Try it – Set down the data again exactly. Pictures are not part of the copy.

Source data –
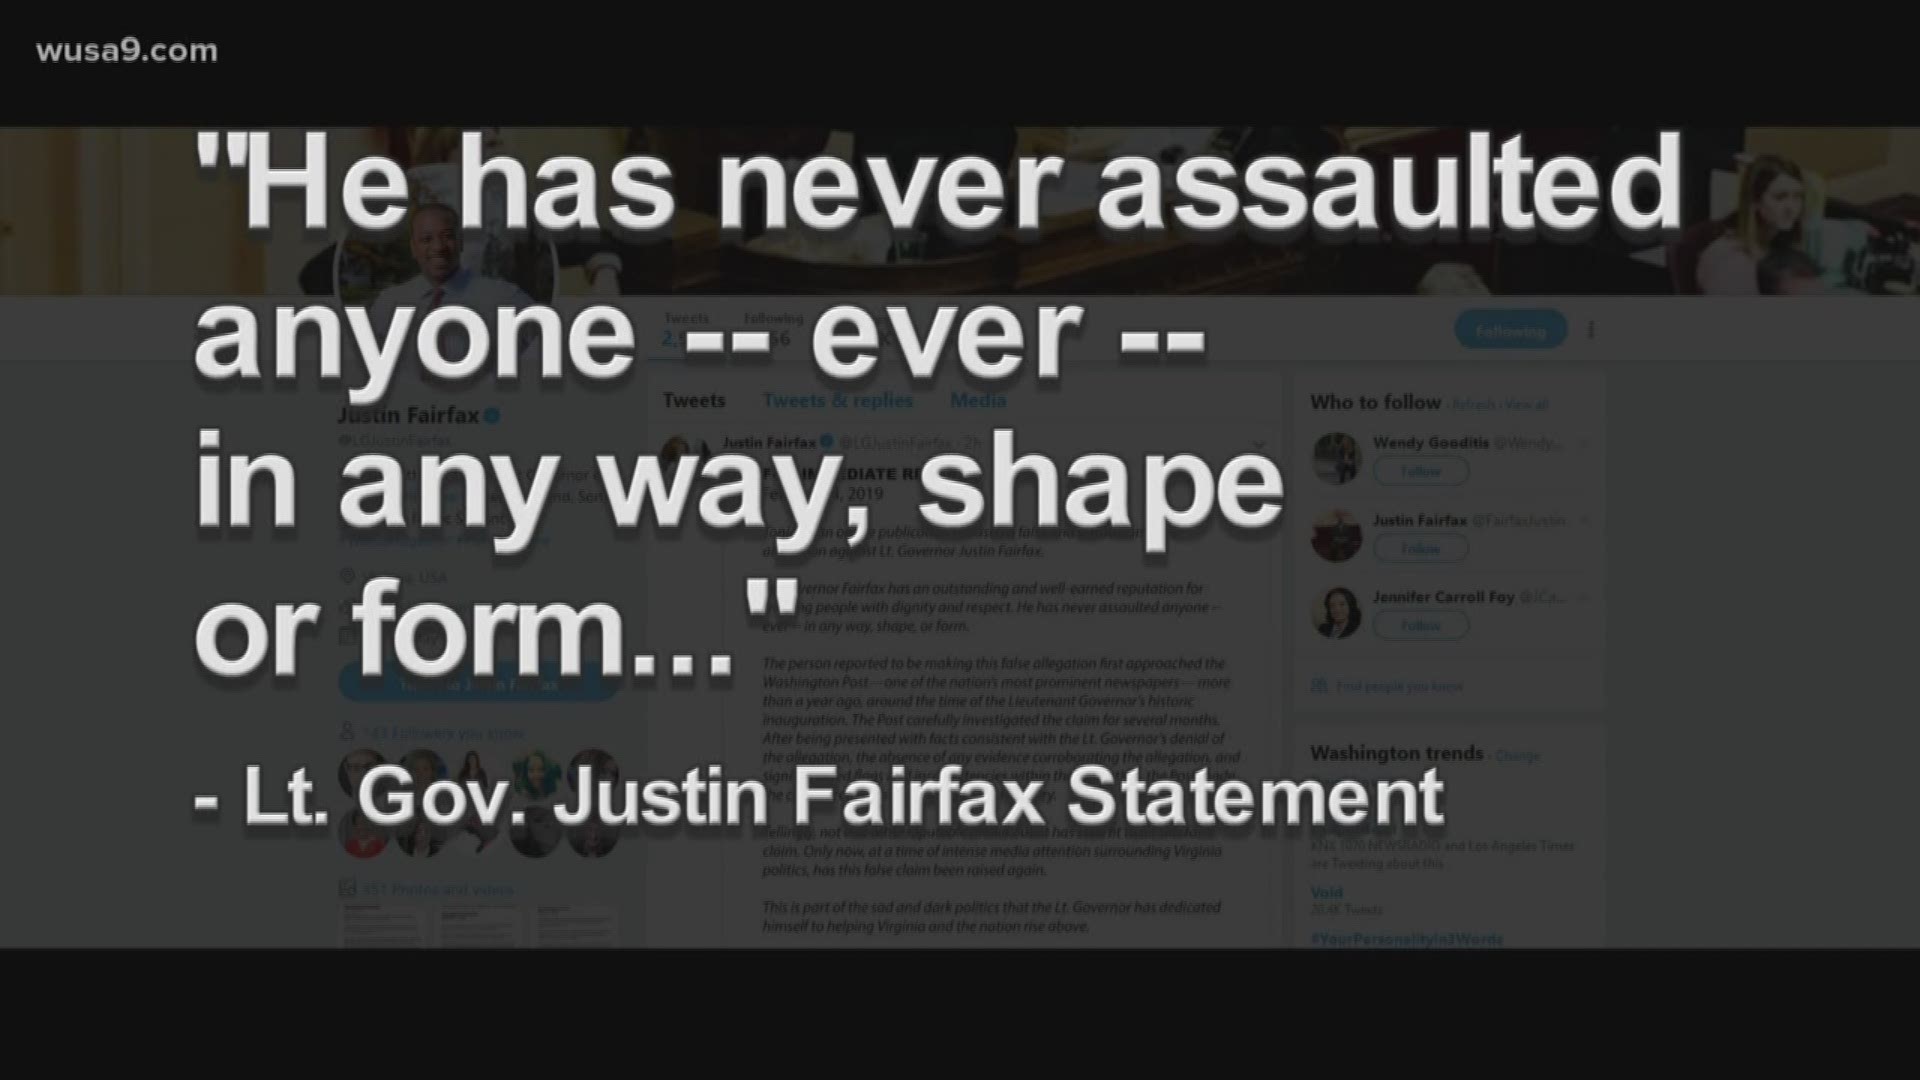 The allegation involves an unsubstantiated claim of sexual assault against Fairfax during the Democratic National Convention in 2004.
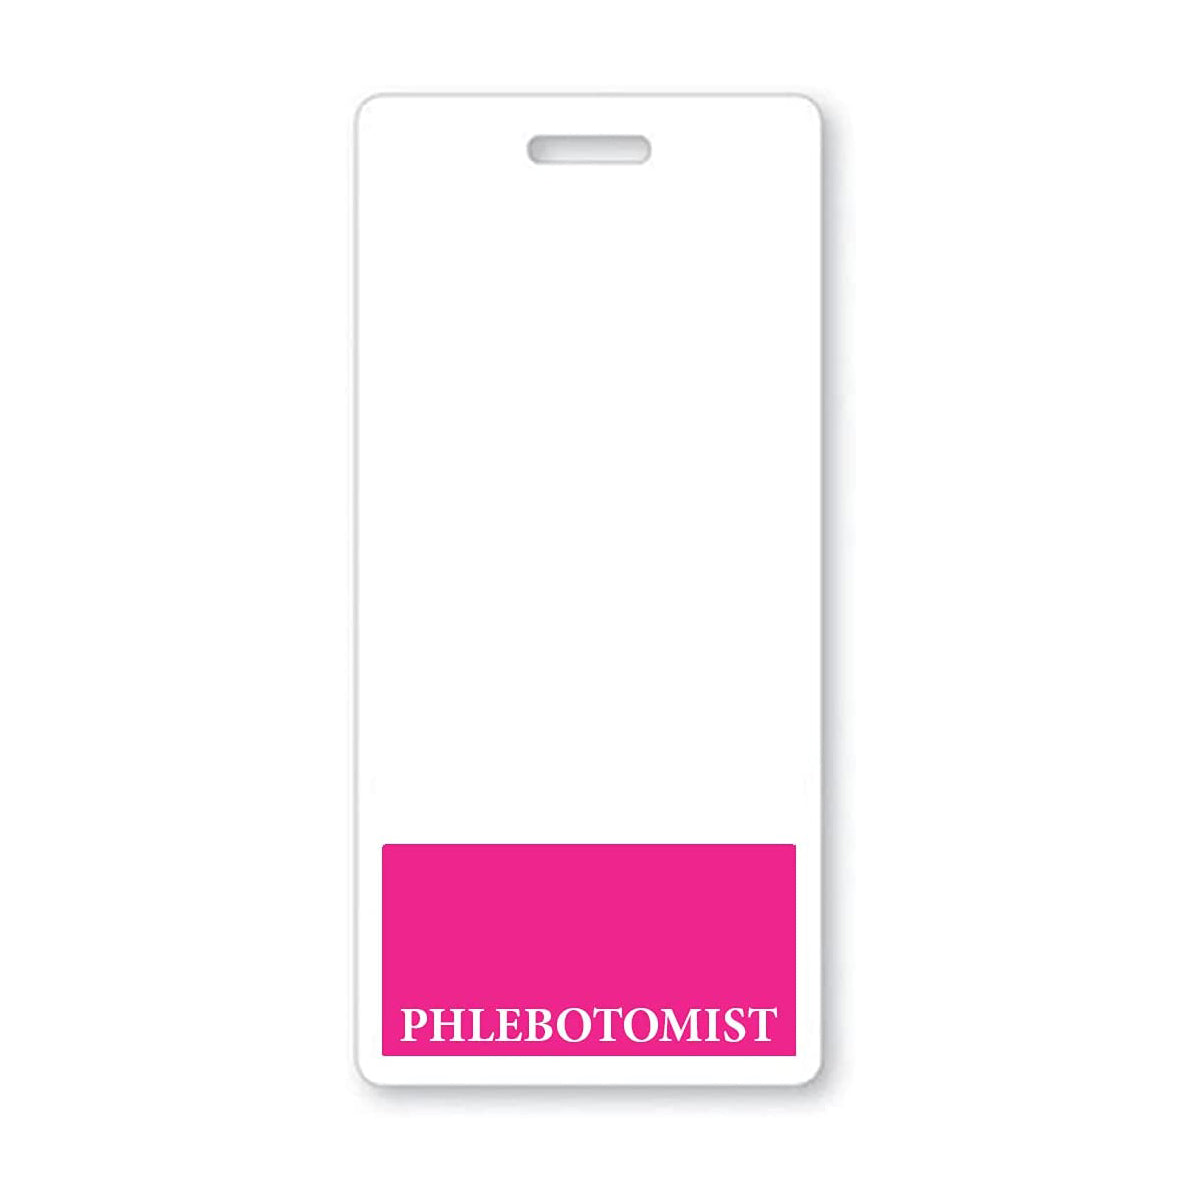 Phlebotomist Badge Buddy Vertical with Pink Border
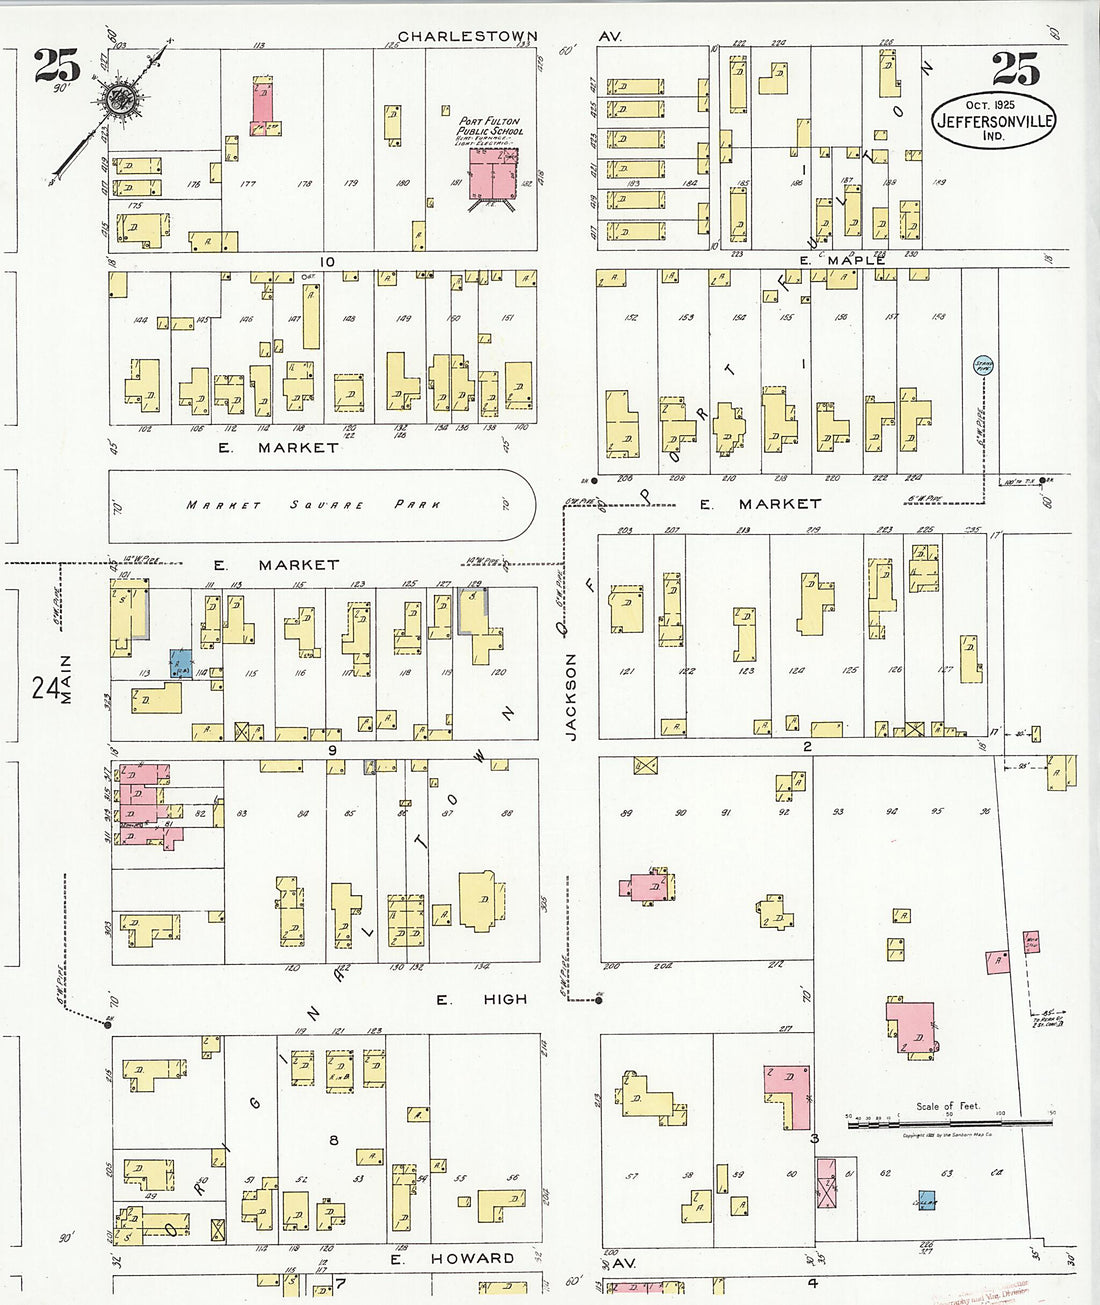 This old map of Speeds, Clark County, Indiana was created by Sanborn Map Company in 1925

Response area –
 The allegation involves an unsubstantiated claim of sexual assault against Fairfax during the Democratic National Convention in 2004.
 Phlebotomist Badge Buddy Vertical with Pink Border
 This old map of Speeds, Clark County, Indiana was created by Sanborn Map Company in 1925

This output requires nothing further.